Comparison between values of central venous and arterial lactate and standard base excess in shocked patients

  • VRP Pizzo1,
  • ASM Machado1,
  • A Toledo-Maciel1,
  • M Park1 and
  • IT Velasco1
Critical Care20059(Suppl 2):P44

Published: 9 June 2005


Public HealthLactateEmergency MedicineRank TestClinical Decision


Hemodynamic optimization based on tissue perfusion markers is a strategy considered adequate for the management of patients in shock in ICUs.

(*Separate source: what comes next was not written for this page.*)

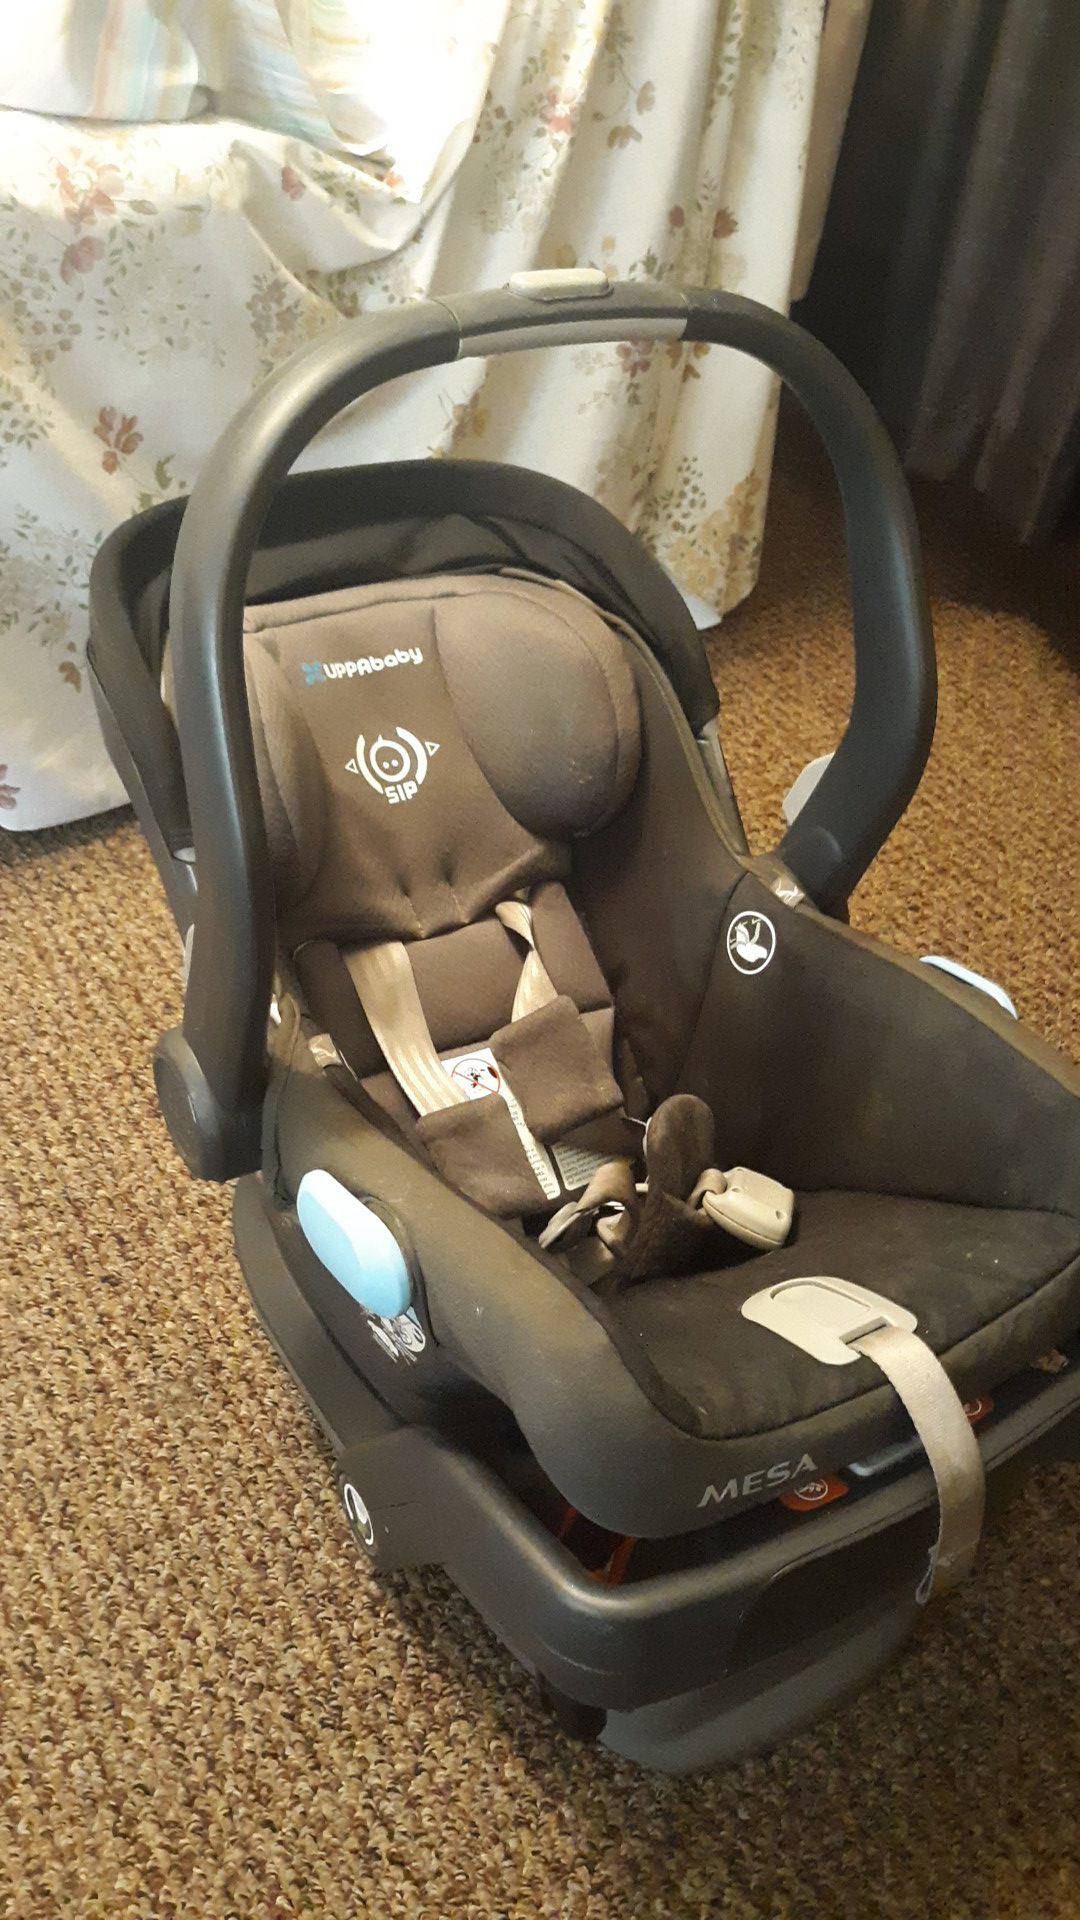 Uppababy car seat and carrier in great condition cost 129.00 sell for 25$

To evaluate the variability and correlation between venous and arterial standard base excess (SBE) and lactate samples.

Materials and methods

The analysis of lactate levels was performed and the SBE obtained from the same blood of central venous and arterial samples of 115 patients. We compared these measurements (Wilcoxon signed rank test), and determined the correlation between these variables (Spearman rank order correlation).


There was a statistically significant difference between the value of venous SBE: -4.3 mEq/l (-7.4 to -0.9) as compared with the arterial value: -3.2 (-6.9 to 0), P < 0.001; but there was no difference between the venous lactate: 1.67 mmol/l (1.22–2.22) as compared with the arterial lactate: 1.56 (1.22–2.22), P = 0.792. The correlation coefficients were 0.929 to venous and arterial SBE (bias: 0.09) and 0.826 to lactate (bias: -0.024).


The agreement between venous and arterial samples permits one to use the central venous lactate level similar to the arterial level and their variations. For SBE, the module value was different between the measurements, otherwise their variation has good correlation. As these variations guide the clinical decision, we can use it as a goal of hemodynamic monitoring.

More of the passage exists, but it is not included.